Until she failed a surprise drug test, and was promptly fired with no references. It was the day after she’d smoked an anniversary joint to celebrate one year of divorce (precisely twice as long as the marriage had lasted). He’d left her and town after a stormy relationship that stopped short of fisticuffs several times. After it was over she decided that a two-party marriage might have worked but not their menage a trois with a bottle as the most beloved partner. She cleaned up, dried out, and went to work. For a year she accurately read one six-digit number after another, placing the often-heavy products up from one shopping cart and sticking them in another cart.
She got by with as little ass-kissing as she could get away with.

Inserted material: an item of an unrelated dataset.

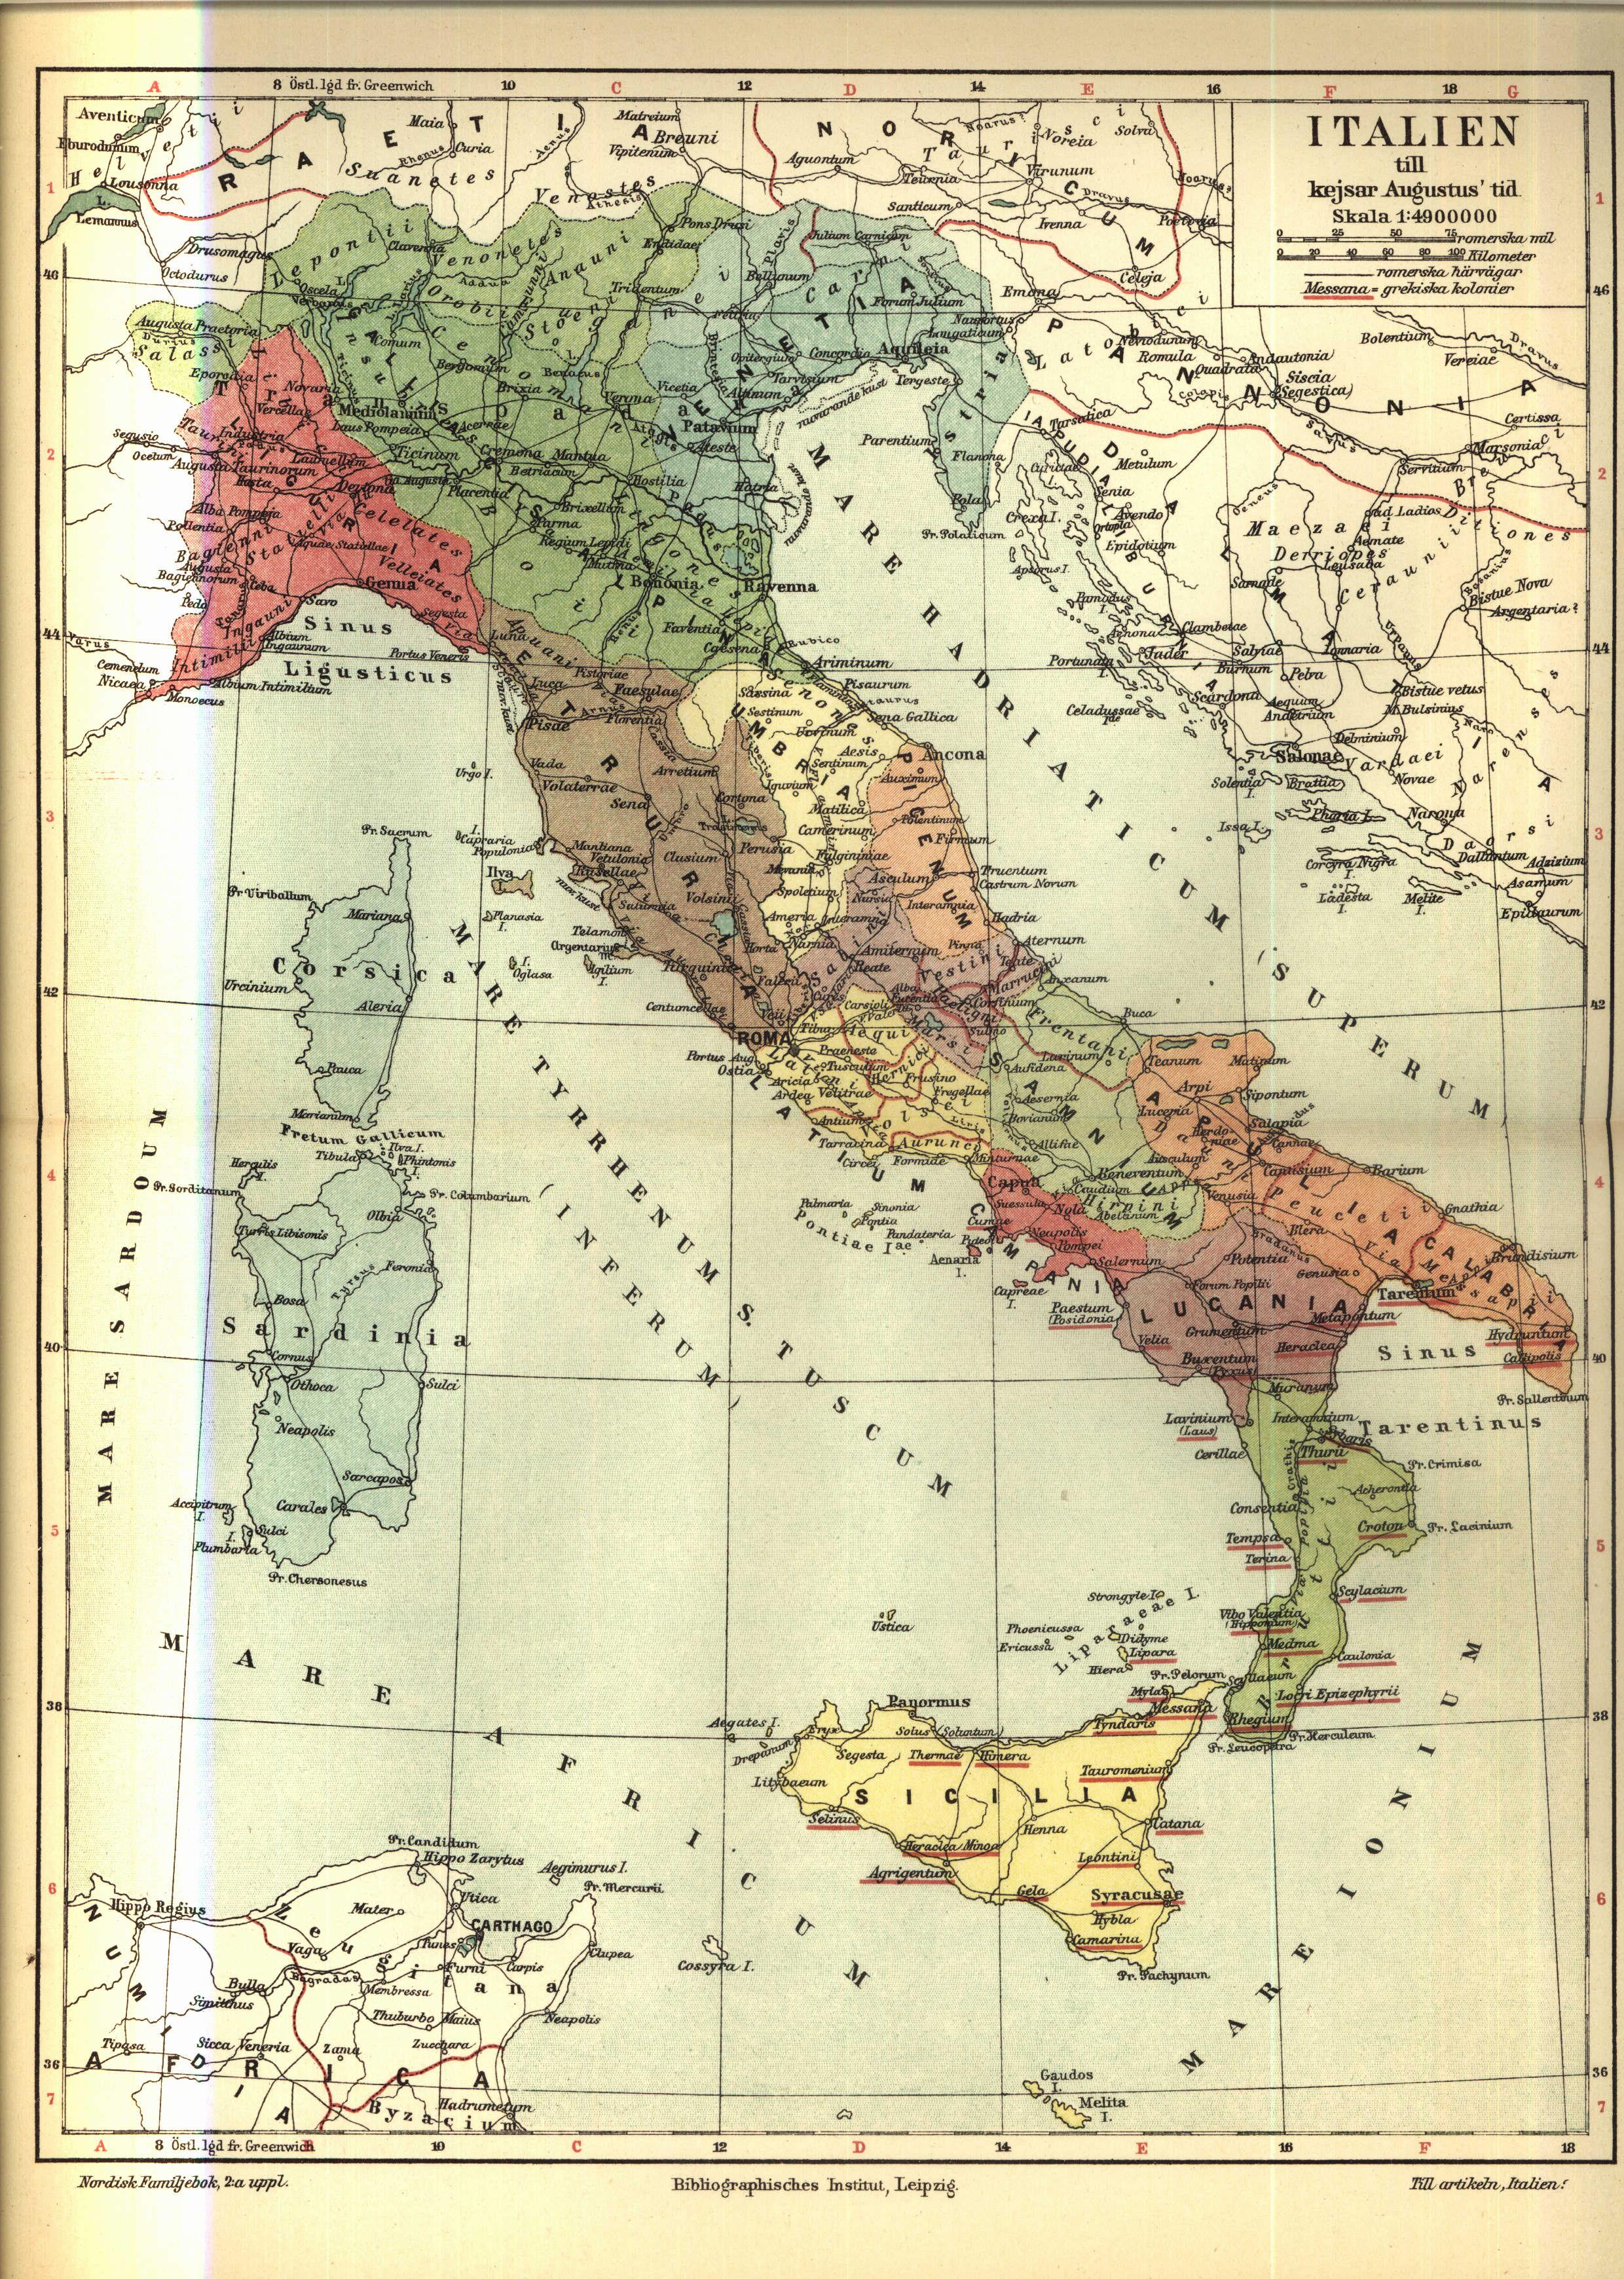 karta se italien File:Karta över Italien till kejsar Augustus tid, Nordisk  karta se italien

She never memorized the chain’s Mission Statement. She never participated in nor contributed to company-wide fund drives for the officially sanctioned charity, an outfit that hired ex-sports stars to tell kids to get high on sports not drugs. She got away with her nonconformity because of her unique qualification for the job of front line caller. As a half-Hispanic woman, she was good for management to keep up front as a symbol of the company’s open-minded attitude, even if she never got close to the promotion to cashier that she kept petitioning for. She made an effort to be nice to the older couples who came there to stock up a year’s supply of nonperishable foods. She did not make an effort to be nice to the Bill Blass-suited businessmen leading their underlings to pick out only the cheapest coffee for the office break room.
But that was over now. She was now unemployed, tenuously holding on to the only cat-friendly apartment in the neighborhood in her price range. She was left with no job, no marriage, a renewed taste for moderately priced white wine, and a growing stack of responses to a personal ad she’d placed a week before she was fired. She’d worked to write an ad that would emphasize her likes and dislikes (she liked long walks by the beach and disliked anybody who reminded her of her ex-husband). She got over 200 replies, some of whom sounded more plausible than others. On a lark, she decided to call the least plausible of them all.
He was, in his own estimation, the modern day successor to Jack Kerouac and the Merry Pranksters. He was the new incarnation of uncompromising rebellion against the square society and all its petty rules and regulations. To him, all religion was a sick joke. He watched the fundamentalist cable channel just to laugh at it. Speed limits and auto-emission controls were part of a puritan conspiracy to deprive Americans of speed, the second- or third-greatest sensation life can offer. He lived his life to the fullest and had no patience for anybody who didn’t.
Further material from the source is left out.